SanDisk's High-Performance SSDs for AI Applications

Often Asked Questions

What specific products and technologies does SanDisk offer for the data center market?
High-performance eSSD DC SN861 series: The series is based on PCIe Gen5 and TLC NAND. It is designed for high-performance computing applications. This includes AI model training.
High-capacity eSSD DC SN670 series: This series is based on PCIe Gen5 and UltraQLC NAND. It offers up to 128TB capacity. It is suitable for data lakes and AI inference applications.
1PB eSSD platform: Plans to launch a 1PB capacity eSSD to meet the growing capacity demands of AI.
UltraQLC technology: This technology enhances performance, density, and energy efficiency of QLC flash. It achieves this through custom controllers, dedicated hardware accelerators, and advanced system design.

What is SanDisk’s High Bandwidth Flash (HBF) technology? What is its goal?
Match HBM bandwidth: Provides bandwidth equivalent to HBM in workloads like AI inference.
Higher capacity: Offers 8–16 times the capacity of HBM at the same cost.
Simplification for AI applications: Enables larger AI models to run on edge devices, for example, running LLMs on smartphones.
Open standard: SanDisk plans to promote an open HBF standard. They will set up a technical advisory board to foster ecosystem development.
Improved energy efficiency: Future generations of HBF will further improve energy efficiency.

How is SanDisk addressing the “memory wall” issue?

The “memory wall” refers to the widening gap between computing speed and memory capacity/bandwidth.

High Bandwidth Flash (HBF): SanDisk is developing this technology in collaboration with IMEC to tackle the memory wall.

Matrix Memory: A new type of non-volatile memory designed to deliver DRAM-level performance at a lower cost and higher capacity. SanDisk is working with IMEC to develop this technology and has secured a related contract with the U.S. Department of Defense.

What are the key improvements in SanDisk’s next-generation NAND technology (e.g., BiCS8)?
CMOS Bonded Array (CBA) technology: Improves performance, energy efficiency, and density by bonding CMOS circuits directly to the memory array.
Higher storage density: More than 50% increase in storage density compared to the earlier generation.
Higher bandwidth: Programming bandwidth increased by 35%, read bandwidth by 26%.
Faster transfer speeds: Transfer speed improved by more than 80%.
2Tb QLC chip: BiCS8 is used to produce 2Tb QLC chips.
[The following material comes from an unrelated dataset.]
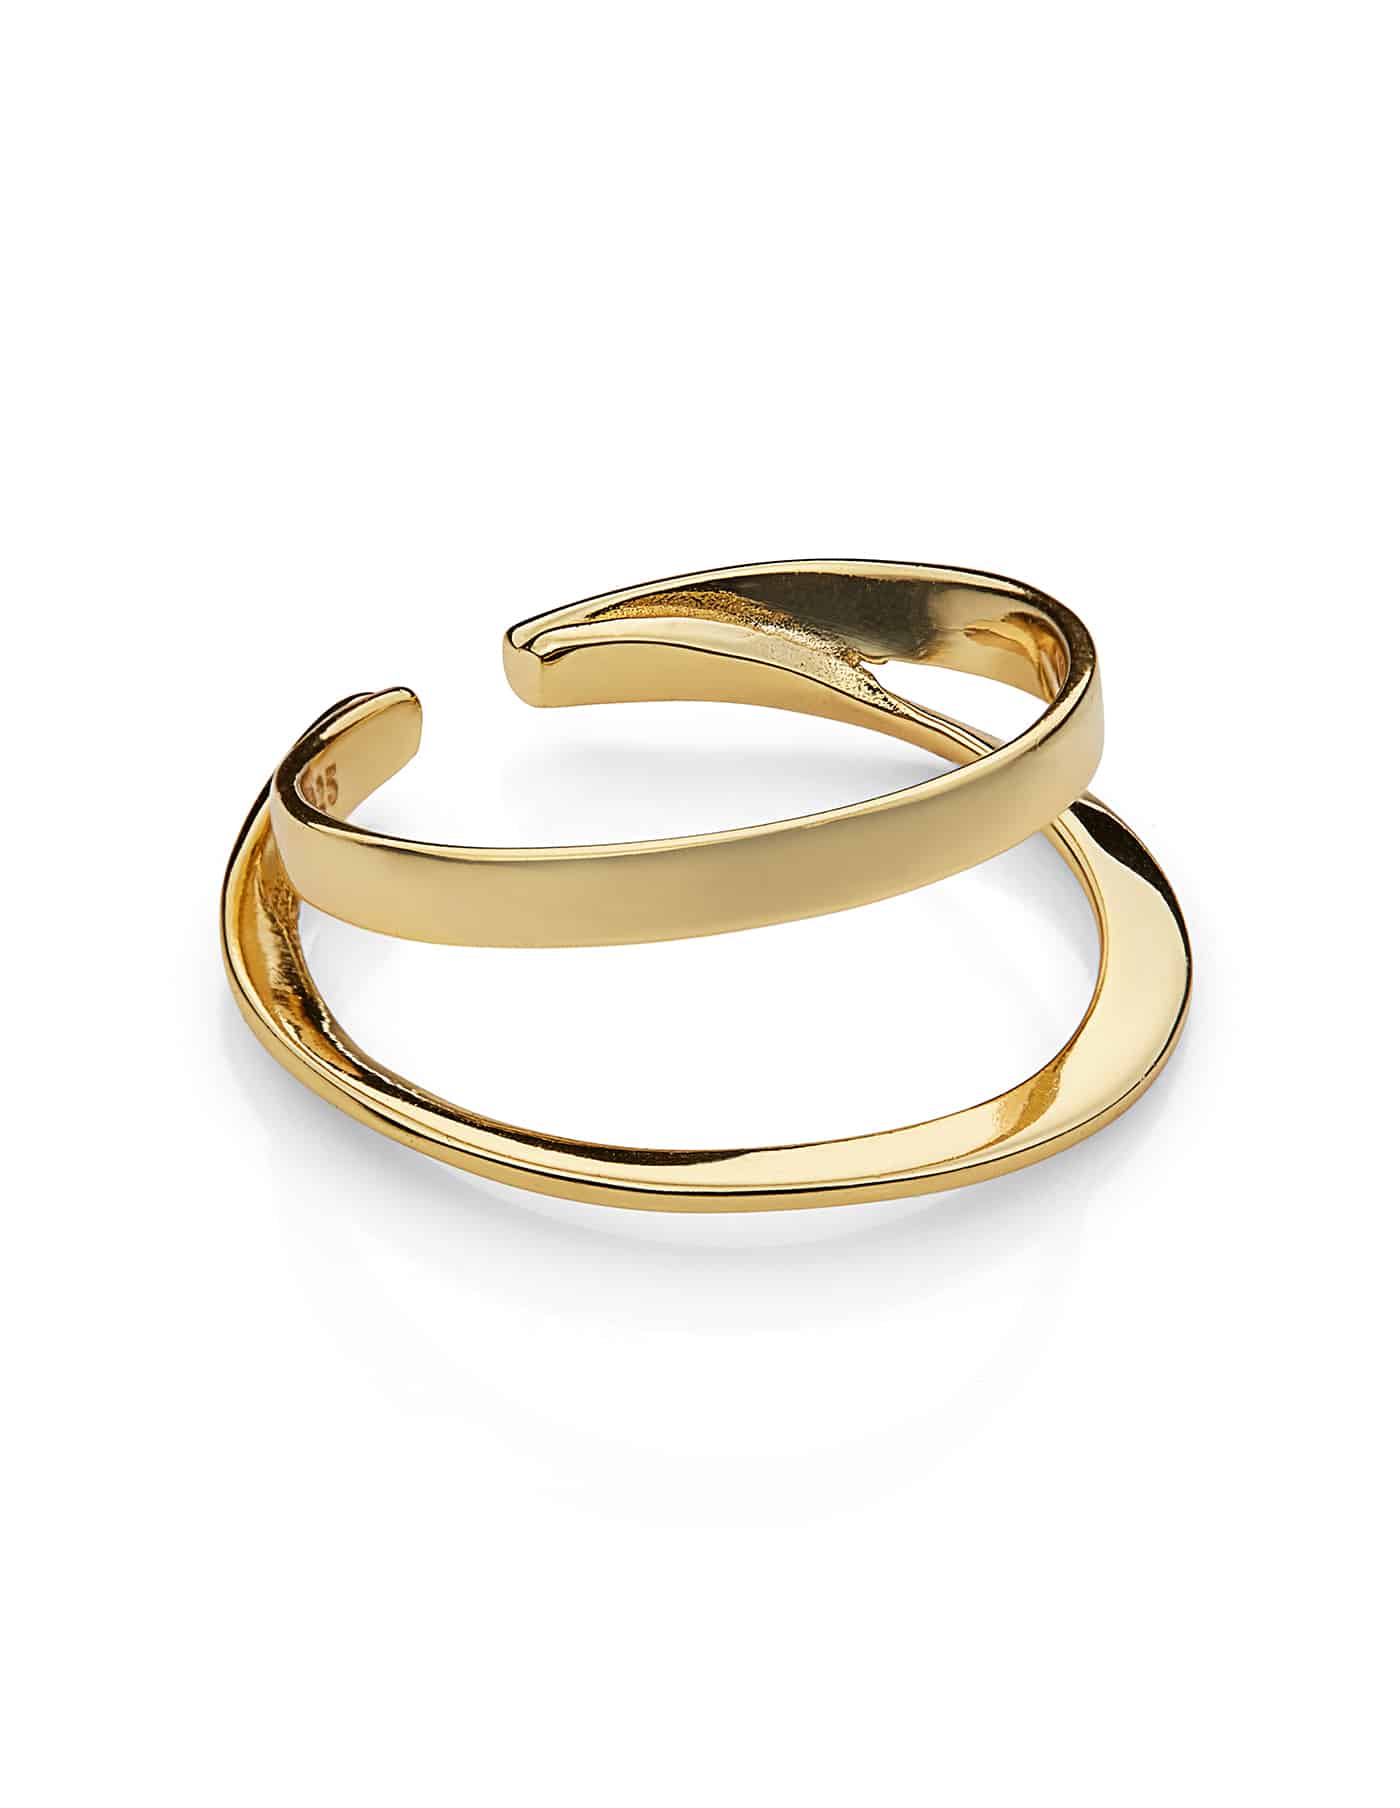 Gold Adjustable Double Layer Ring - Nordicmuse - Golden Hues

These chips are claimed to be the highest-capacity NAND chips presently in production.

What is SanDisk’s outlook on future NAND flash market supply and demand?
SanDisk expects a supply shortage in the NAND flash market by the second half of 2025. This is due to slowed supply growth.
They believe that growth in AI, video, and autonomous driving will drive increasing demand for storage.

How does SanDisk control costs and improve capital efficiency in NAND flash manufacturing?
Joint venture with Kioxia: Leverages large-scale production and advanced technology from the joint venture to reduce costs.
Combination of vertical and horizontal scaling: Utilizes multi-dimensional scaling techniques. These include vertical layer stacking and increased horizontal cell density. Logical scaling and architectural scaling are also used.
Node design improvement: Optimizes node design based on different market applications to balance performance, capacity, and power consumption.
AI-assisted manufacturing: Uses AI technology to enhance manufacturing efficiency and yield.
Innovative testing technologies: Reduces testing costs through innovative testing techniques.
Extending node lifespan: Extends the lifecycle of existing nodes as much as possible.
Advanced packaging technologies: Applies advanced packaging techniques like chip bonding to shorten production cycles and reduce costs.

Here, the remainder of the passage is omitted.